Factors of 27y^3z = 1,3,5,9,27,y,y^2.
Factors of 45x^2y = 1,3.5,9,15,45,x,y.
CF = 1,3,5,9,y.
GCF = 9.
Factors of 45x^2y = 1,3.5,9,15,45,x,y.
CF = 1,3,5,9,y.
GCF = 9.
The first polynomial, 27y^3z, can be factored as follows:
27y^3z = 3^3 * y^3 * z
The second polynomial, 45x^2y, can be factored as follows:
45x^2y = 3^2 * 5 * x^2 * y
Now let's compare the factors of these two polynomials to identify the common factors.
The common factors in 27y^3z and 45x^2y are:
3 (from the first polynomial)
y (from both polynomials)
Therefore, the GCF of 27y^3z and 45x^2y is 3y.
Let's find the GCF for the given pair of polynomials: 27y^3z and 45x^2y.
Step 1: Identify the factors of each polynomial.
Factors of 27y^3z: 1, 3, 9, 27, y, y^2, y^3, z, yz, y^2z, y^3z.

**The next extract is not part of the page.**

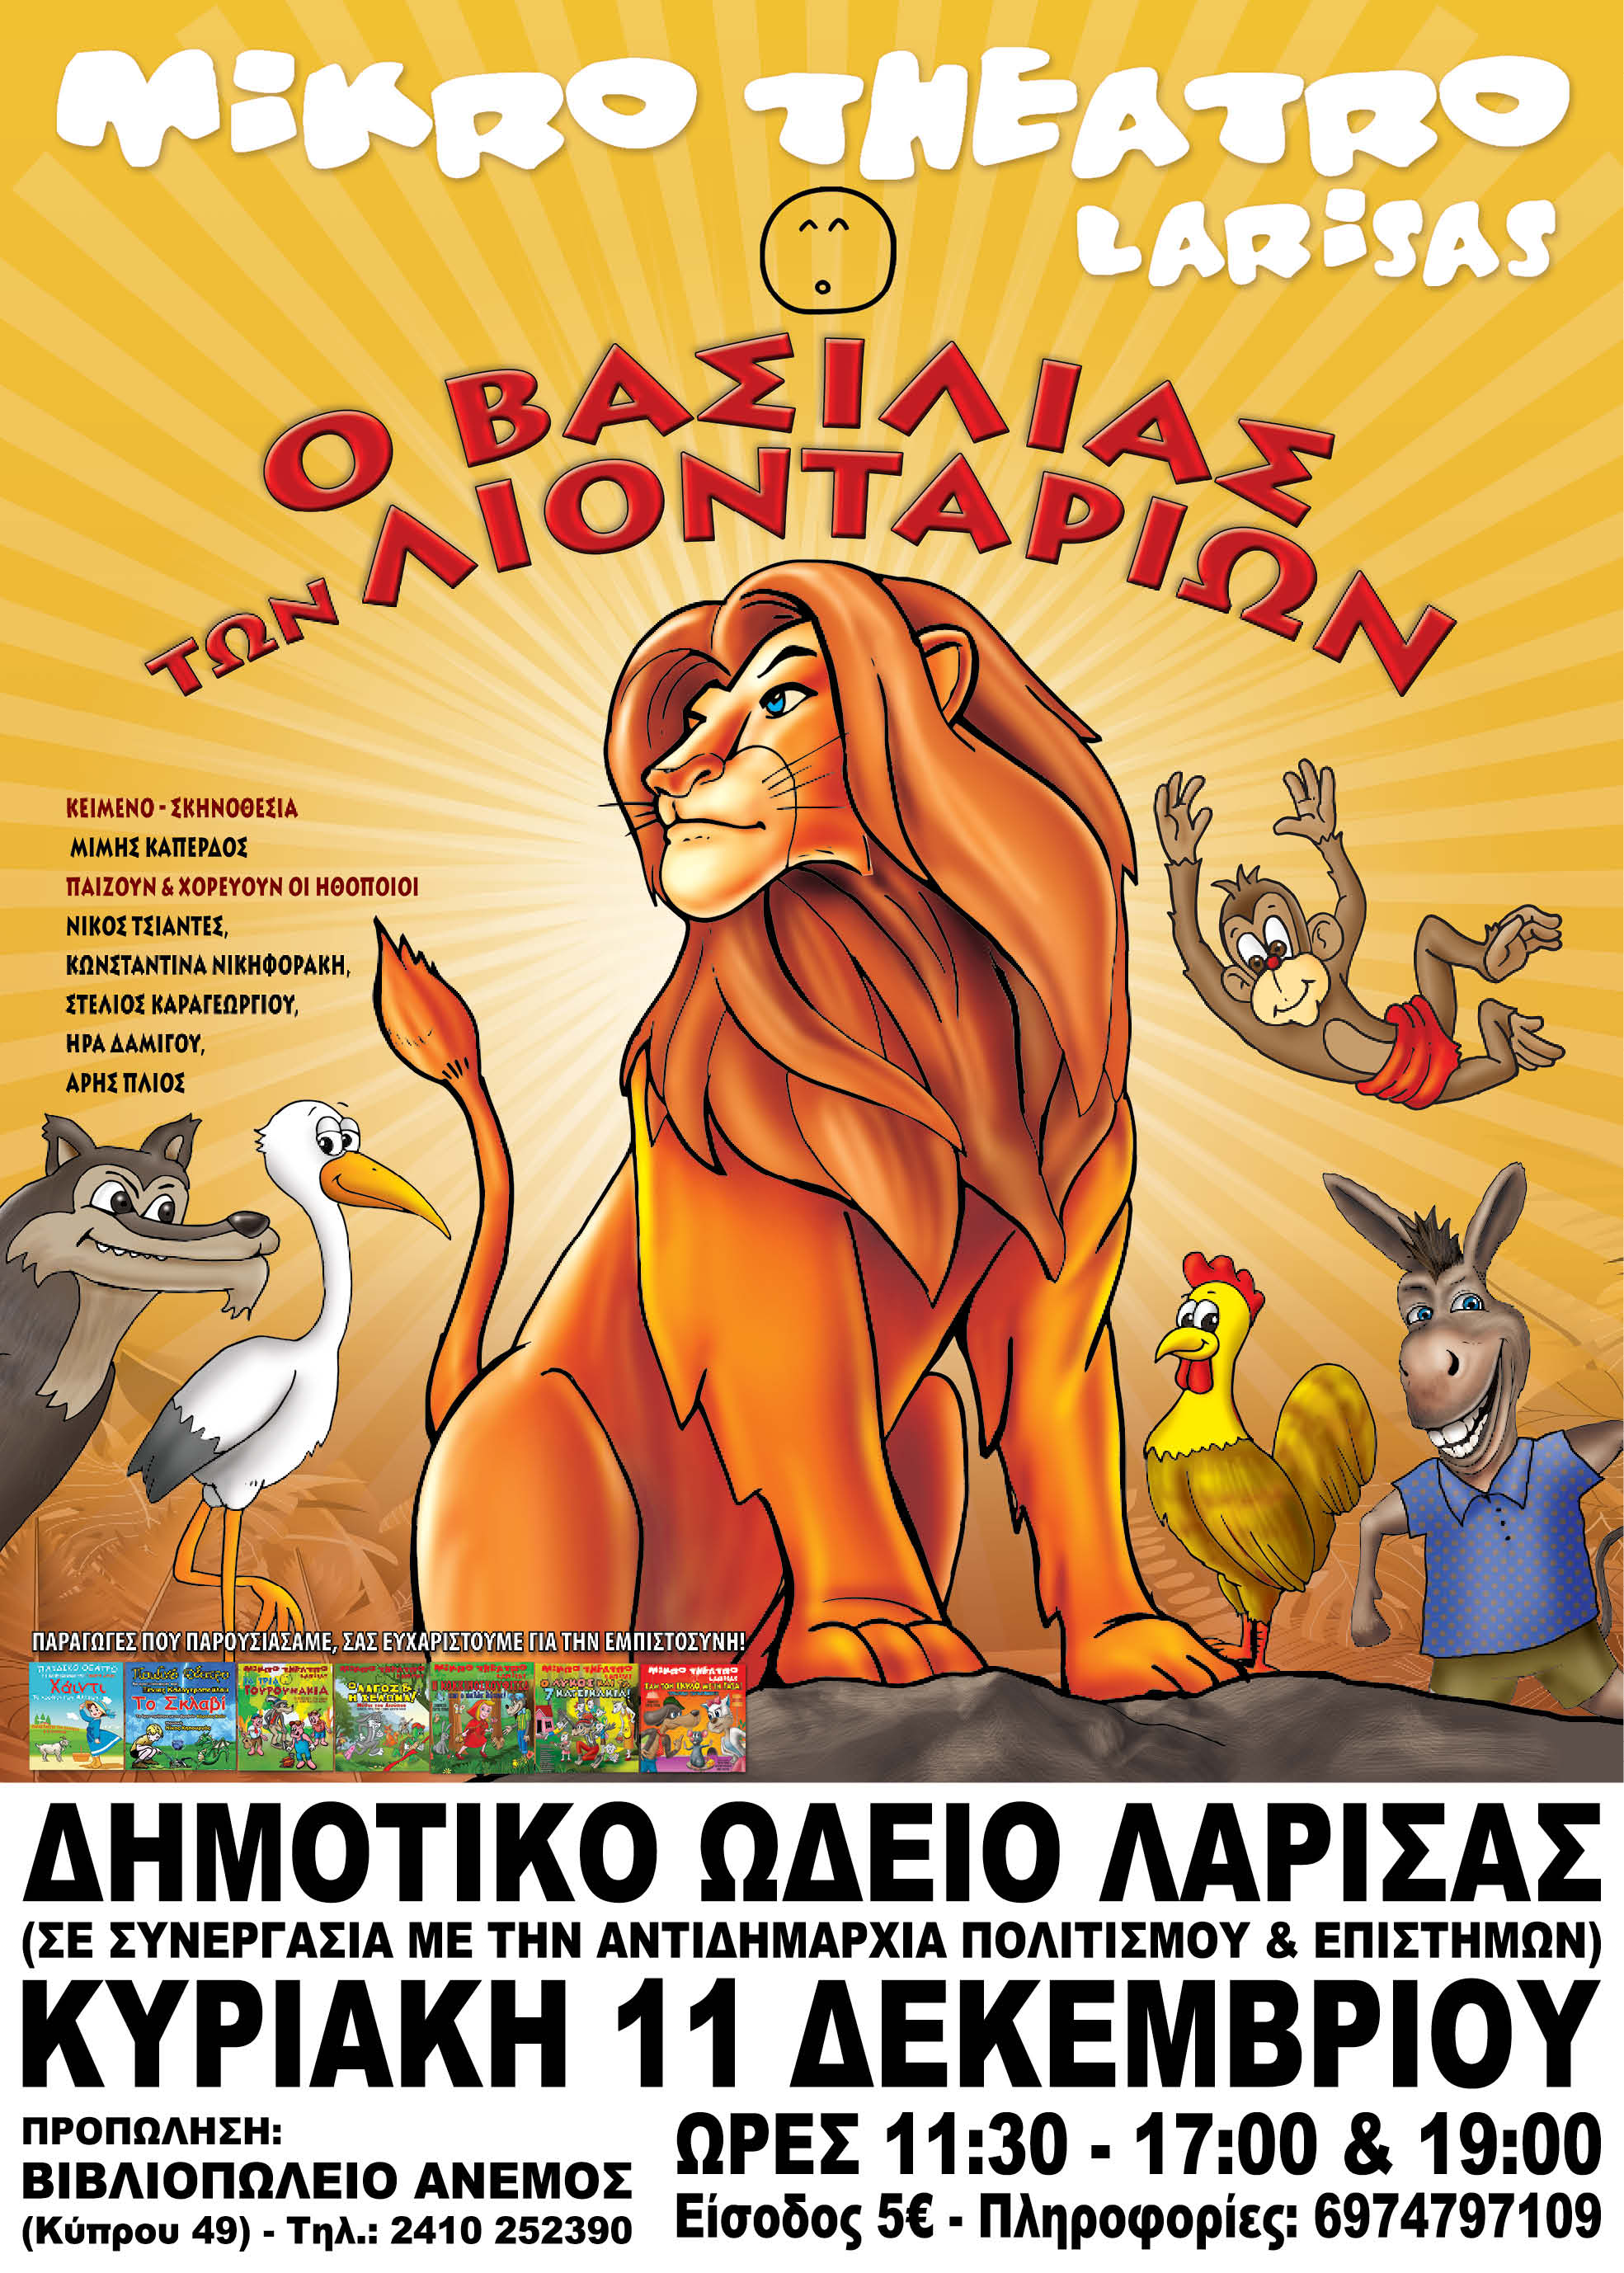 Κερδίστε διπλή πρόσκληση για την παράσταση "Ο Βασιλιάς των Λιονταριών" στο ΔΩΛ

Factors of 45x^2y: 1, 3, 5, 9, 15, 45, x, x^2, y, xy, x^2y.
Step 2: Compare the factors and find common factors.
The common factors are 1, 3, 9, and y.
Step 3: Determine the highest exponent for each common factor.

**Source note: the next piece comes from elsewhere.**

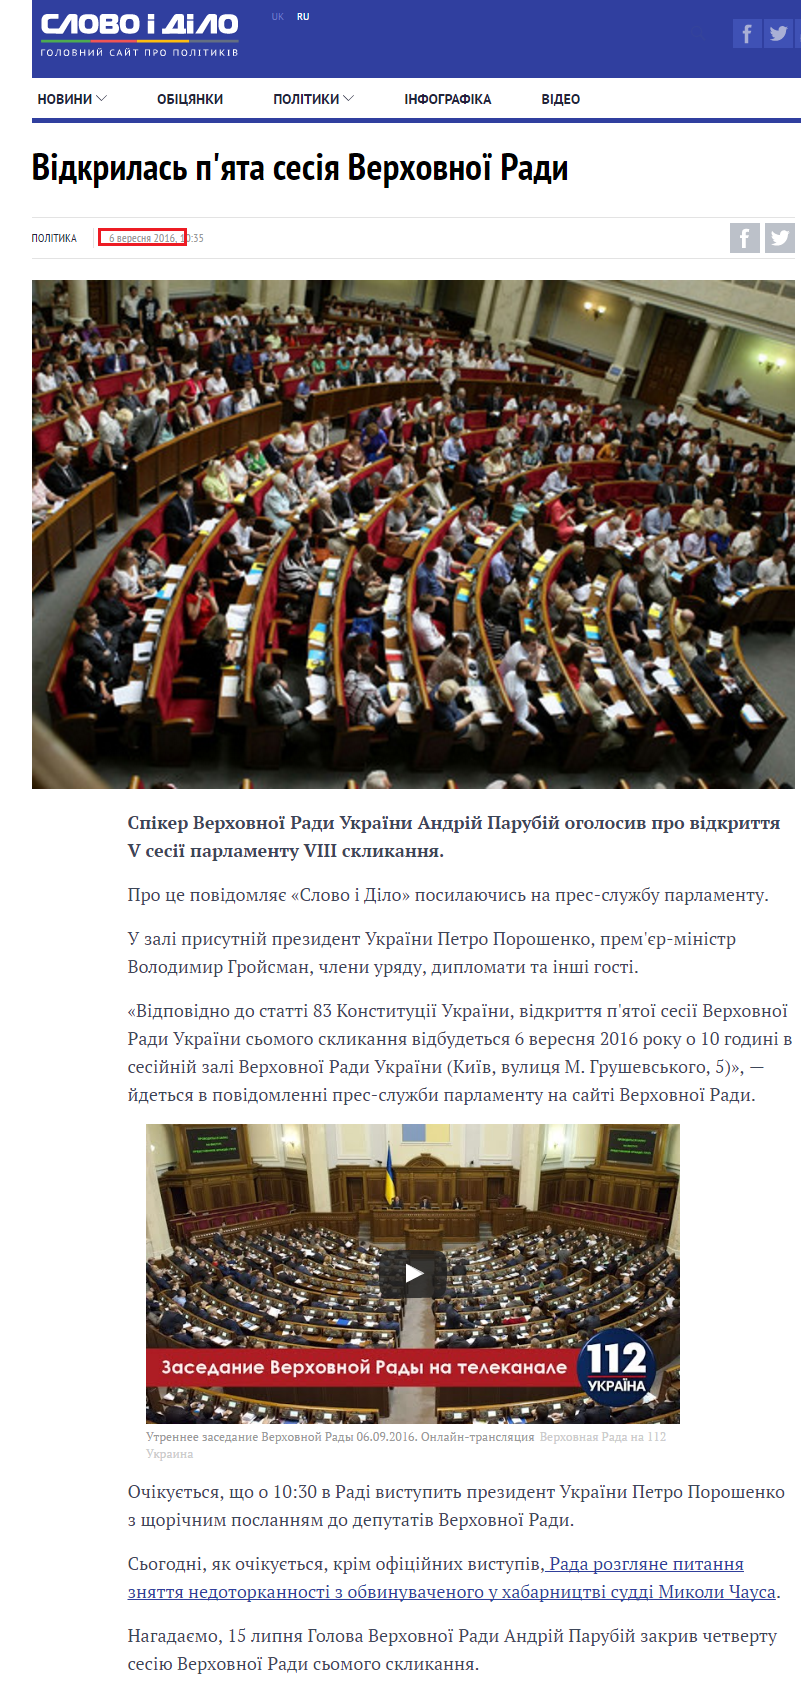 http://www.slovoidilo.ua/2016/09/06/novyna/polityka/vidkrylasya-pyata-sesiya-verxovnoyi-rady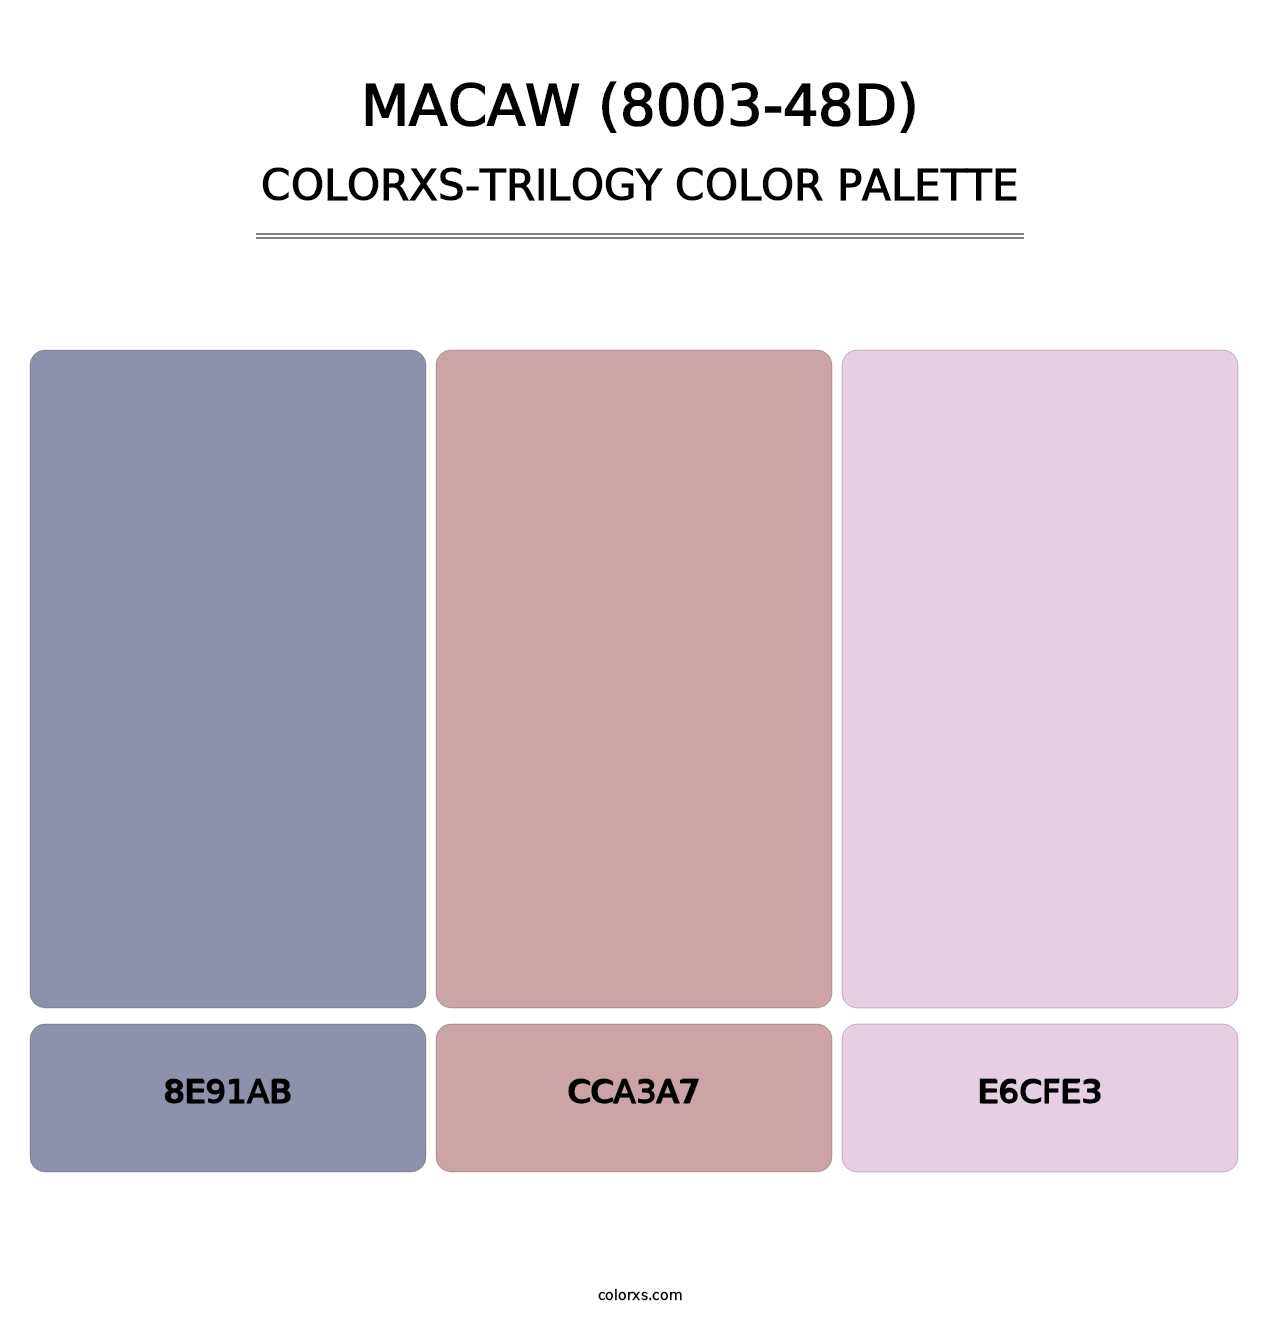 Macaw (8003-48D) - Colorxs Trilogy Palette

9 is the highest exponent for the common factor 3 in 27y^3z (3^3 = 27), and 1 is the highest exponent for the common factor y in both polynomials.
Step 4: Combine the common factors with the highest exponent.
The GCF of 27y^3z and 45x^2y is 3y.
Therefore, the greatest common factor of the polynomials 27y^3z and 45x^2y is 3y.